### The data
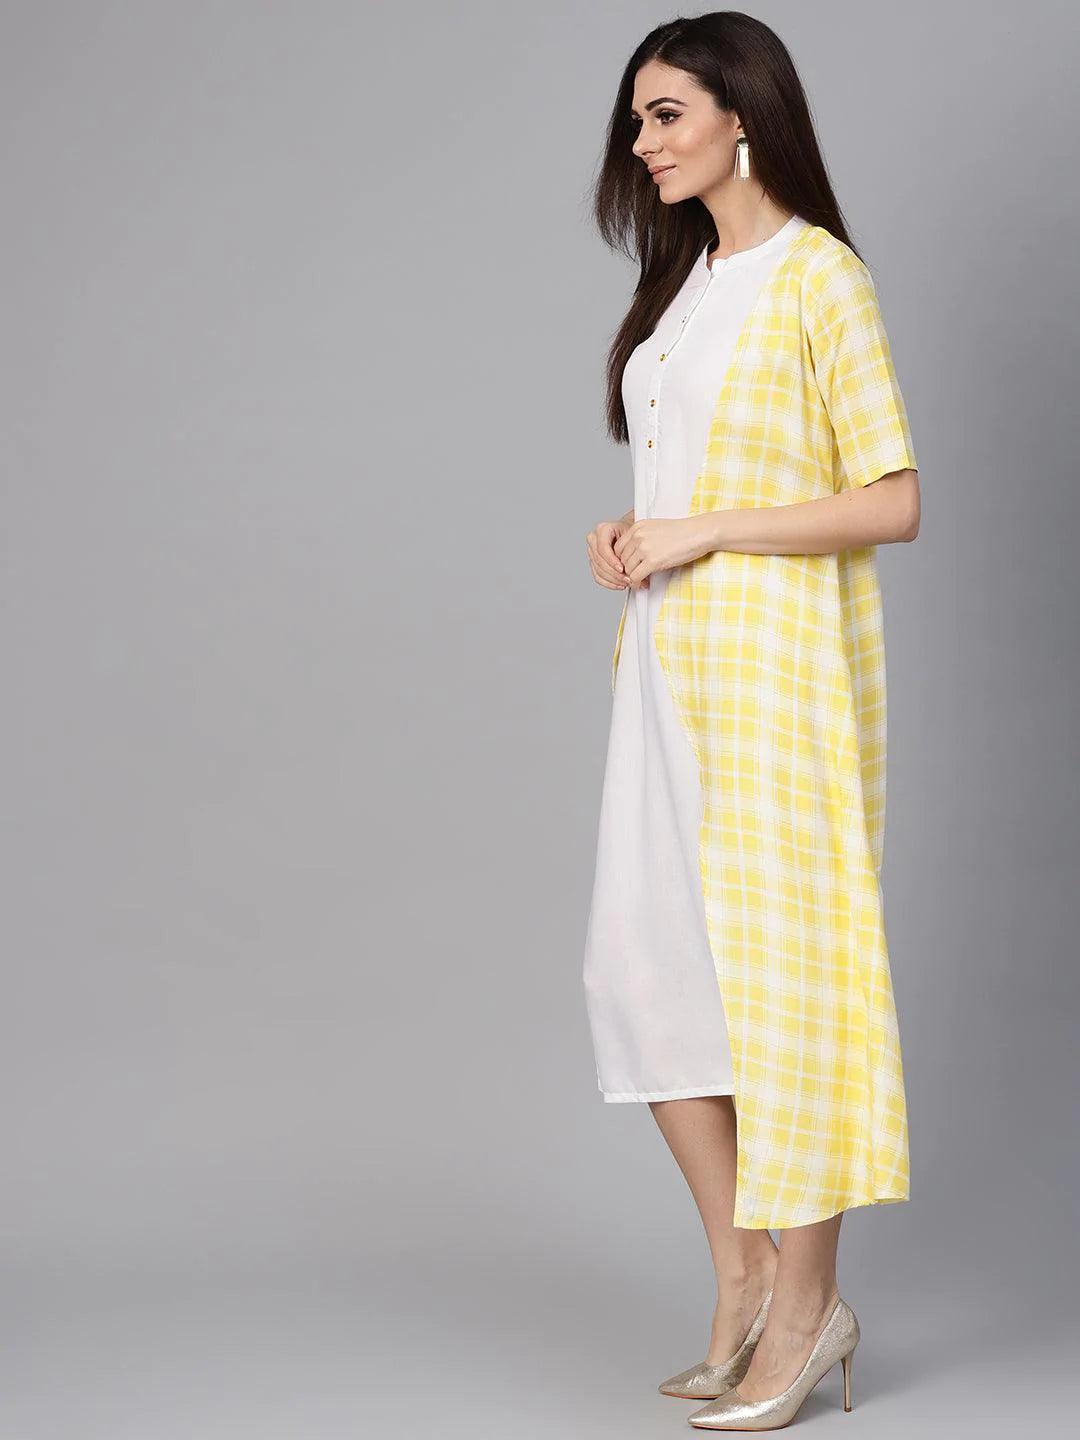 Yellow Checkered Rayon Dress With Jacket - ShopLibas
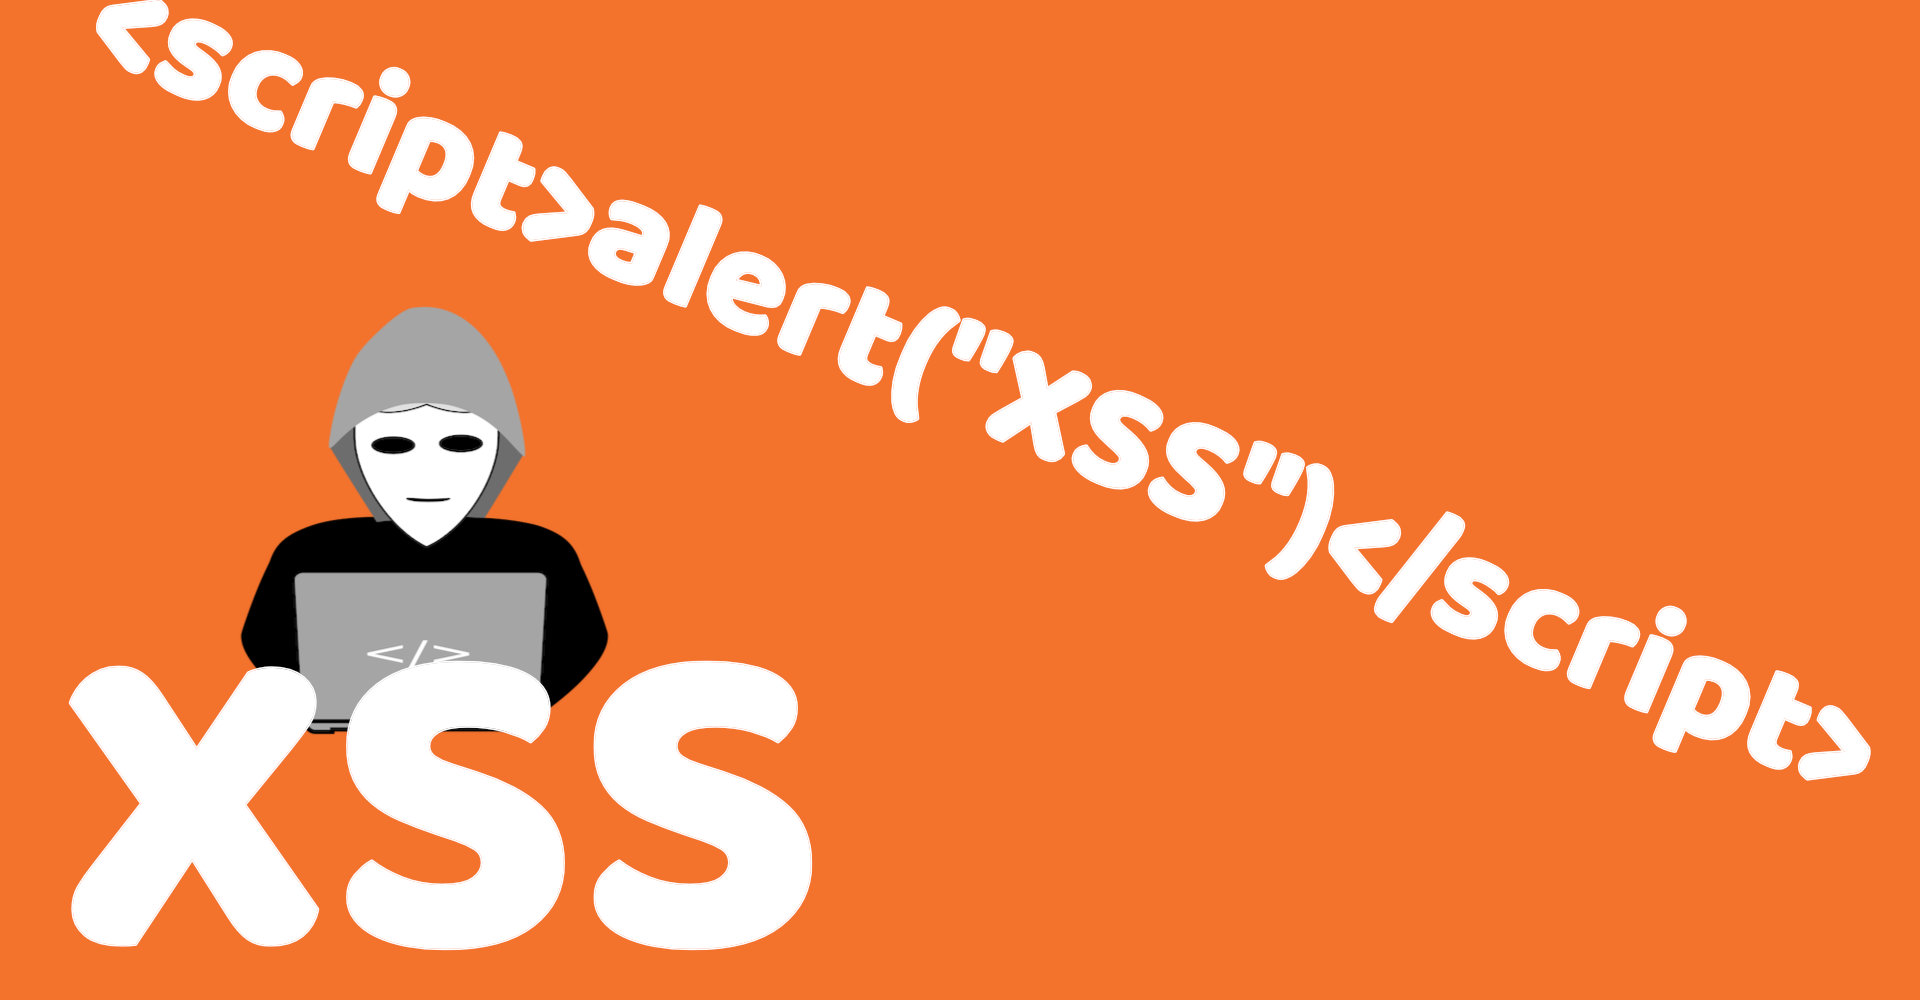 Cross-Site Scripting (XSS) Attack in Modern Frontend Web
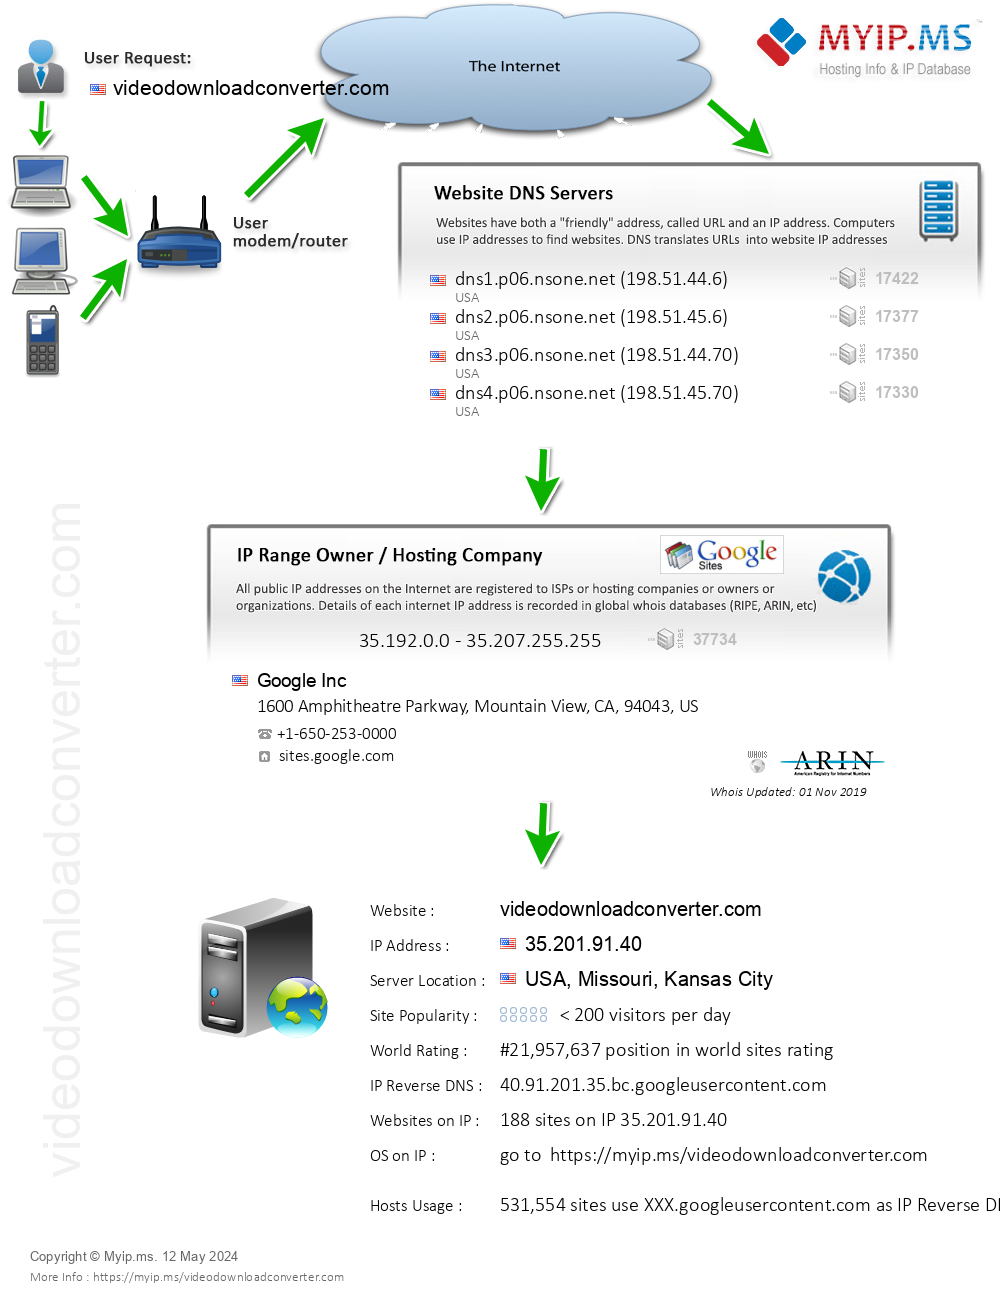 Videodownloadconverter.com - Website Hosting Visual IP Diagram

### What this task involves
Make an exact copy of the listing above. Its pictures are not needed.

### Written reply
 Yellow Checkered Rayon Dress With Jacket - ShopLibas
 Cross-Site Scripting (XSS) Attack in Modern Frontend Web
 Videodownloadconverter.com - Website Hosting Visual IP Diagram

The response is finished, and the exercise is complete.